Ebenso wenig relevant ist eine faktisch gelebte Exklusivität. Im entschiedenen Fall hat der Vermittler ausschließlich für seinen Vertragspartner akquiriert. Der OGH hat betont, dass dies ja auf eine wirtschaftliche Entscheidung zurückgeht und nicht auf eine vertragliche Verpflichtung. Ob damit bei einer vertraglich vereinbarten Exklusivität anderes gelten würde, wird hier zwar angedeutet, bleibt aber zweifelhaft. Denn das Konkurrenzverbot ist Rechtsfolge eines Handelsvertretervertrags und keine Voraussetzung dafür. Es ist ja nicht zwingend zu beachten; es kann vereinbart werden, dass der Agent auch einen Konkurrenten vertritt.
Was aber hinreichend geklärt ist: nach der Rechtsprechung kann eine ständige Betrauung nur dann vorliegen, wenn die Tätigkeit auf die Vermittlung einer unbestimmten Vielzahl von Geschäften gerichtet ist. Ist hingegen ein einzelnes Projekt betroffen, wäre dies nicht der Fall.
Verpflichtung zur Tätigkeit
Dass der Vertrag auf Dauer angelegt ist, ist also erste Voraussetzung für einen Handelsvertretervertrag.
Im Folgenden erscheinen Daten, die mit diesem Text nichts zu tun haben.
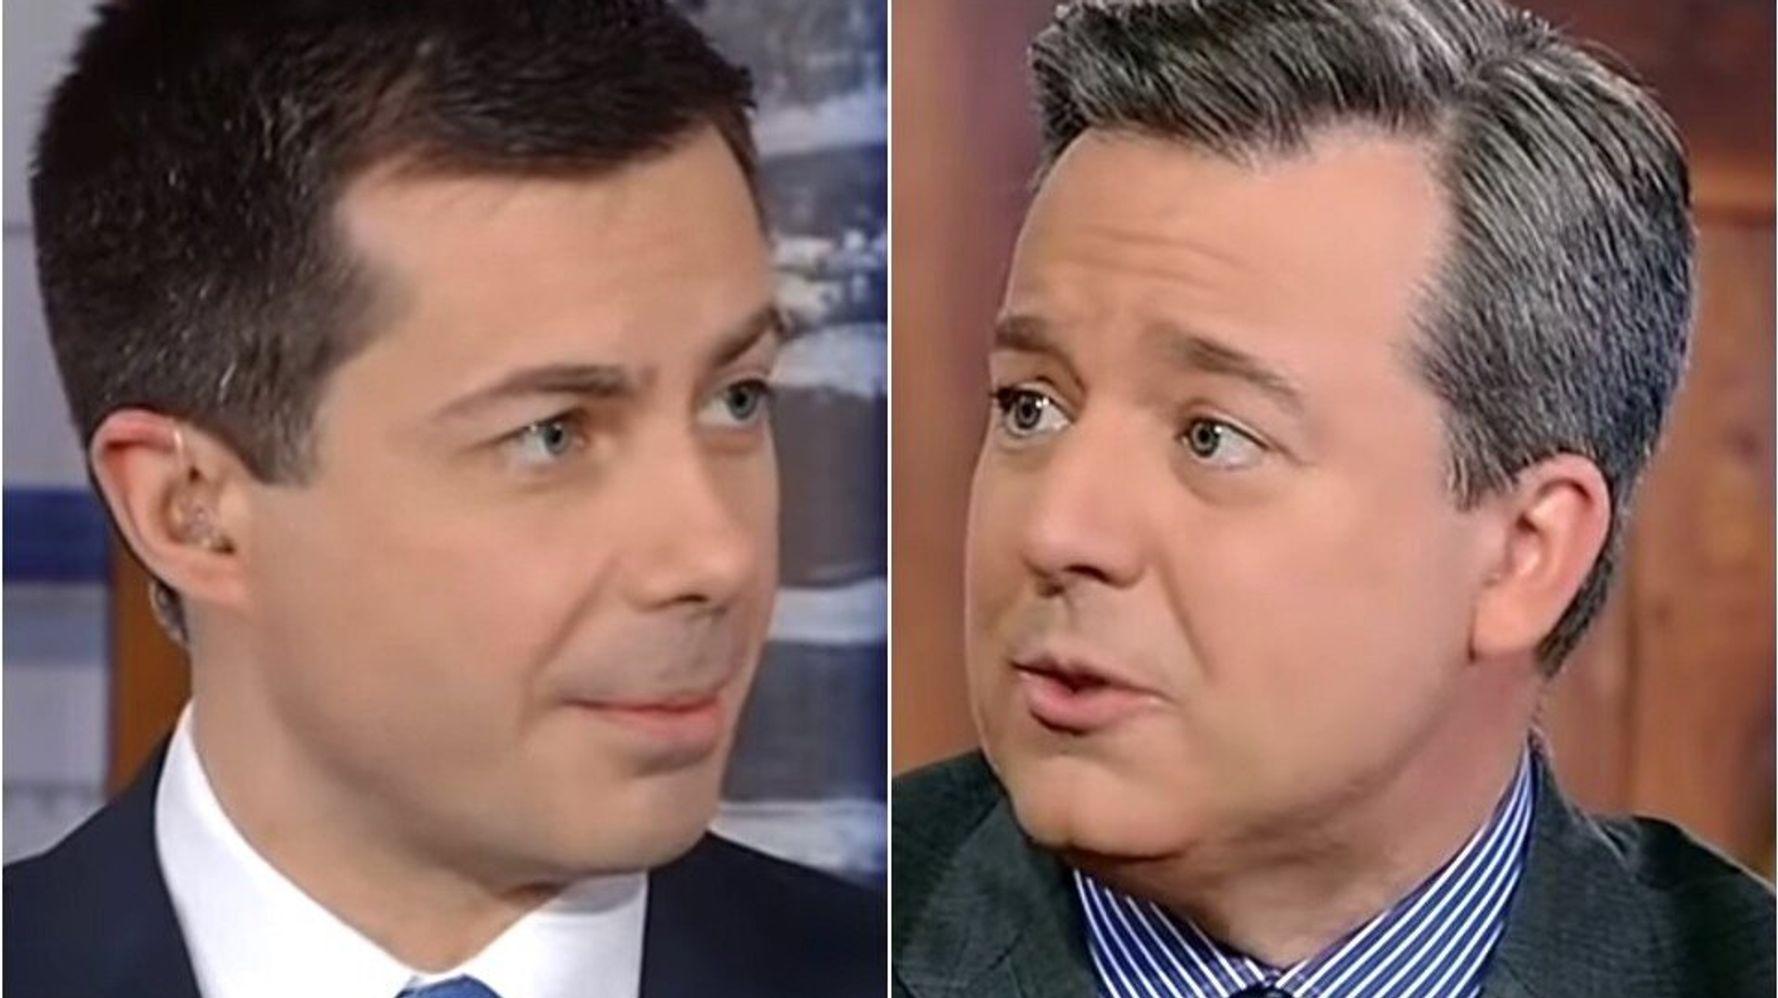 Fox News Host Tried To Corner Pete Buttigieg. It Didn't Go Well.

Das allein sagt aber final noch nichts aus. Denn nach der Ansicht des OGH kann dennoch ein Maklervertrag vorliegen. Das entscheidende Abgrenzungskriterium zwischen Handelsvertreter- und Maklervertrag ist nämlich die Tätigkeitsverpflichtung. Eine bloße Ermächtigung oder Berechtigung, Verträge zu vermitteln, reicht nicht aus. Im konkreten Fall wurde also entschieden, dass ein Maklervertrag vorlag.
Folgen für die Praxis
Ist in einem Vertrag vorgesehen, dass der Vermittler „berechtigt aber nicht verpflichtet“ ist, ist zwar noch nicht alles verloren. Es zählt auch der übrige Vertragsinhalt, aus dem sich (dennoch) eine Tätigkeitspflicht ergeben kann. Auch die gelebte Vertragspraxis kann zeigen, dass der Vermittler im Ergebnis dennoch wie ein sales agent gehandelt hat und vom Lieferanten auch so behandelt wurde. Diese Fälle sind aber ungleich schwieriger dem Handelsvertreterrecht zu unterstellen; rechtliche Unsicherheiten sind also vorprogrammiert.
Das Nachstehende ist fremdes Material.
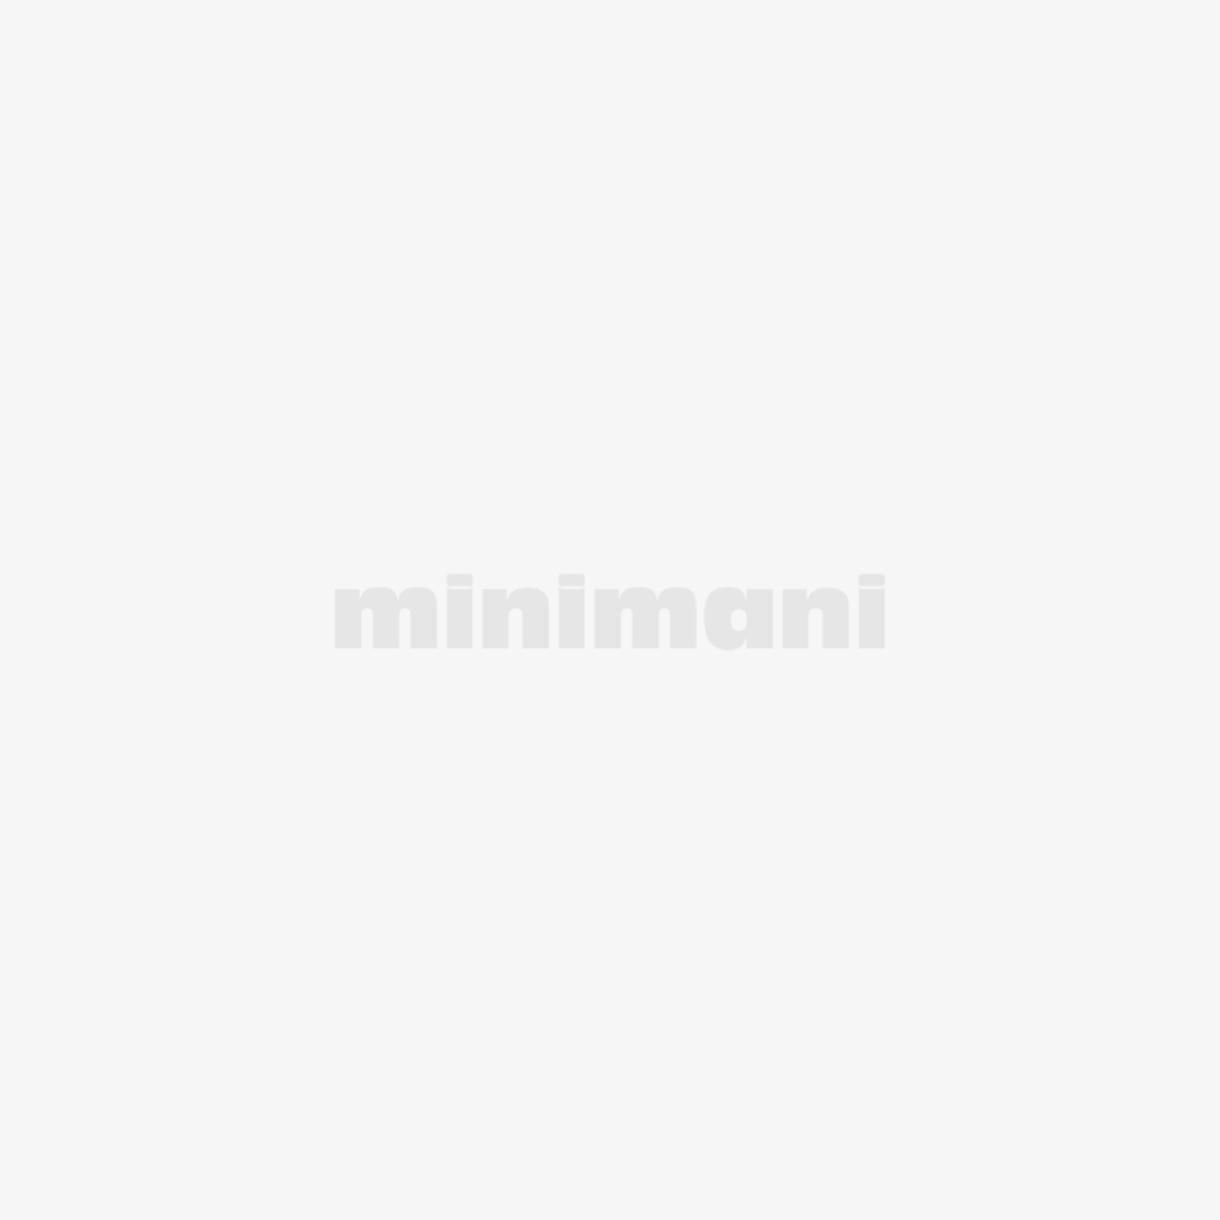 ONNLINE AJG910  KELAUTUVA

Ein sales agent sollte daher darauf achten, dass der Vertrag seine Tätigkeit richtig umschreibt. Floskeln wie, er sei nur „ermächtigt“, „berechtigt“, aber „nicht verpflichtet“, sind also zu vermeiden, um nicht den Schutzstandard nach dem Handelsvertretergesetz zu verlieren.
Dazu kommt, dass die rechtliche Einordnung mit dem tatsächlichen Auftreten und den wahrgenommenen Verantwortlichkeiten zusammenpassen muss. Tritt ein sales agent als Makler auf, kommt es ebenso zu Interessenskollisionen wie umgekehrt. Denn der sales agent ist verpflichtet, die Interessen des Geschäftsherrn wahrzunehmen und kann deshalb nicht die Interessen des Kunden wahrnehmen, wie es ein Makler tun müsste und umgekehrt. Hier können sich allenfalls auch Haftungsfragen ergeben.